How have I not blogged about my love for Slate's political gabfest before and how my eyes light up when I see it appear each week?? I could TOTALLY do Emily Bazelon's job, i.e., shoot the shiz once a week about politics and have people tell me I'm awesome and get paid for it and come up with a cocktail chatter tidbit. I especially like that they interrupt one another bc as you know I prefer interruptors. Another reason I want to be her is that it turns out there's something called a Fellow of Law and Creative Writing...YES PLEASE. Seriously, start listening to Slate's political gabfest every week and it's like having a lunch date but in your undies while you eat Life cereal and make funny faces at your cute baby, if you have one, and ignore your damn homework.
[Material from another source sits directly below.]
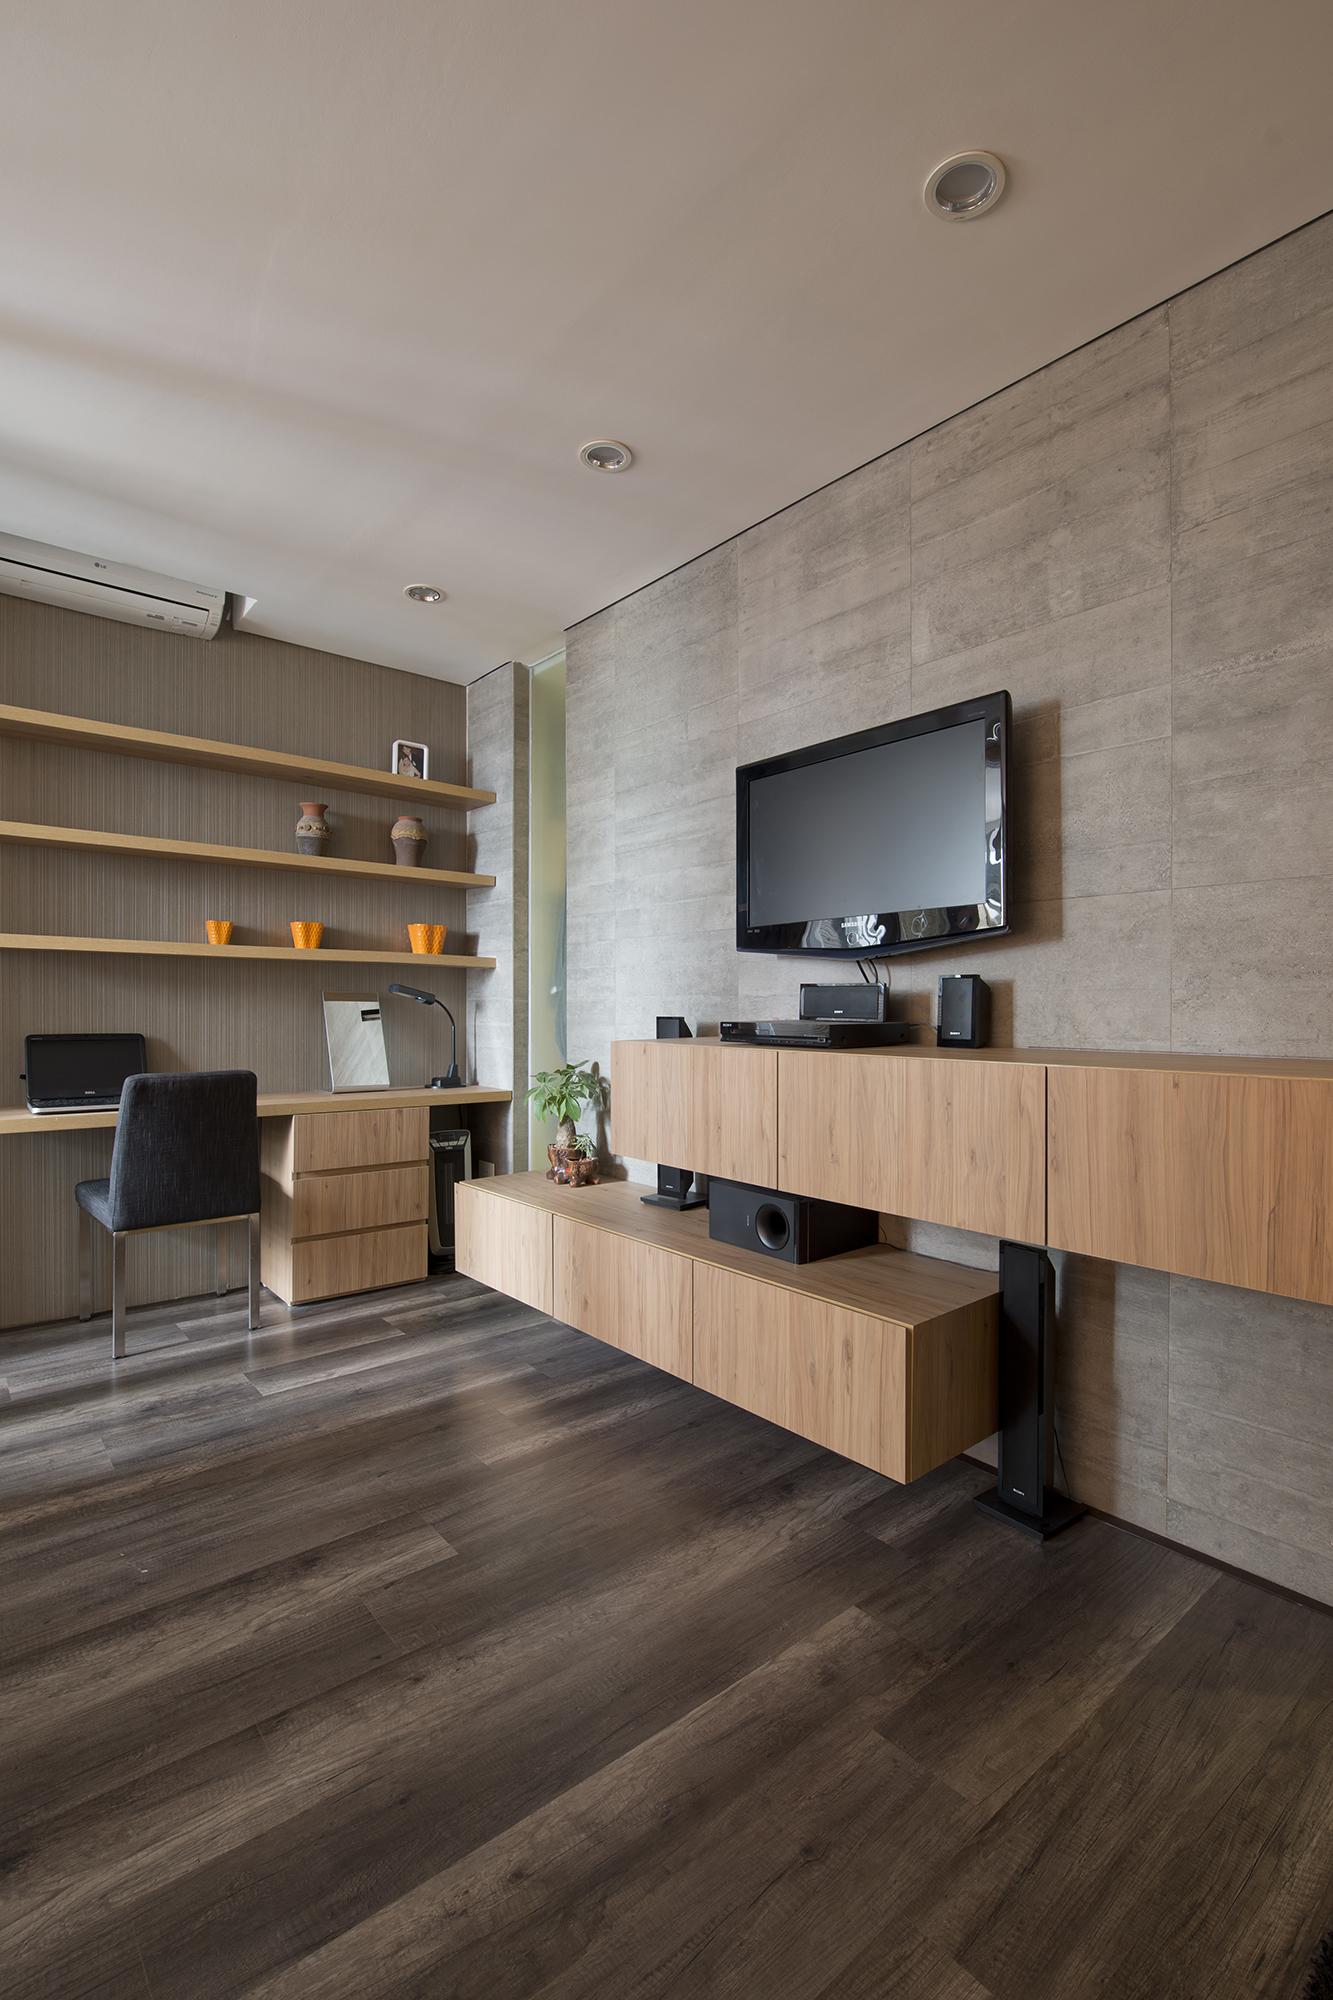 Hệ thống kệ TV treo tường liên hoàn với góc làm việc đơn giản. Chất liệu sàn gỗ, đồ nội thất, tường gạch bê tông trần được kết hợp với nhau tạo thành một tổng thể thống nhất

Here's MY cocktail chatter: the Sarah Palin Baby Name Generator is a freaking genius idea. My own Sarah Palin baby name is not really that funny bc it's not believable (I'd be named Mullett Troll Palin) but hub would be Rock Crane Palin and baby would be Buster Taint Palin and our CUTE NEW NEPHEW (welcome to your life, buddy!) would be named Spackle Camshaft Palin). What would you be named had you been born to Sarah Palin?? Check it out, and you're welcome for the tip.
Lest you be overwhelmed by my striking maturity, just want to remind you that I'd like to arrange things like this in my spare time:
5 comments:
I think that is a perfect FHE activity.
Love,
Froth Moonshine Palin
Lets face it. Farts are funny. Fake or real. They always have been, and they always will be. Apparently we share the same striking maturity. :)
p.s. my Sarah Palin name is "Revolver Trooper Palin." I'm a freakin' GI JOE! I guess something feminine is out of the question.
That kid has some cajones. Awesome.
My name is Jeep Pike Palin. Alrighty then.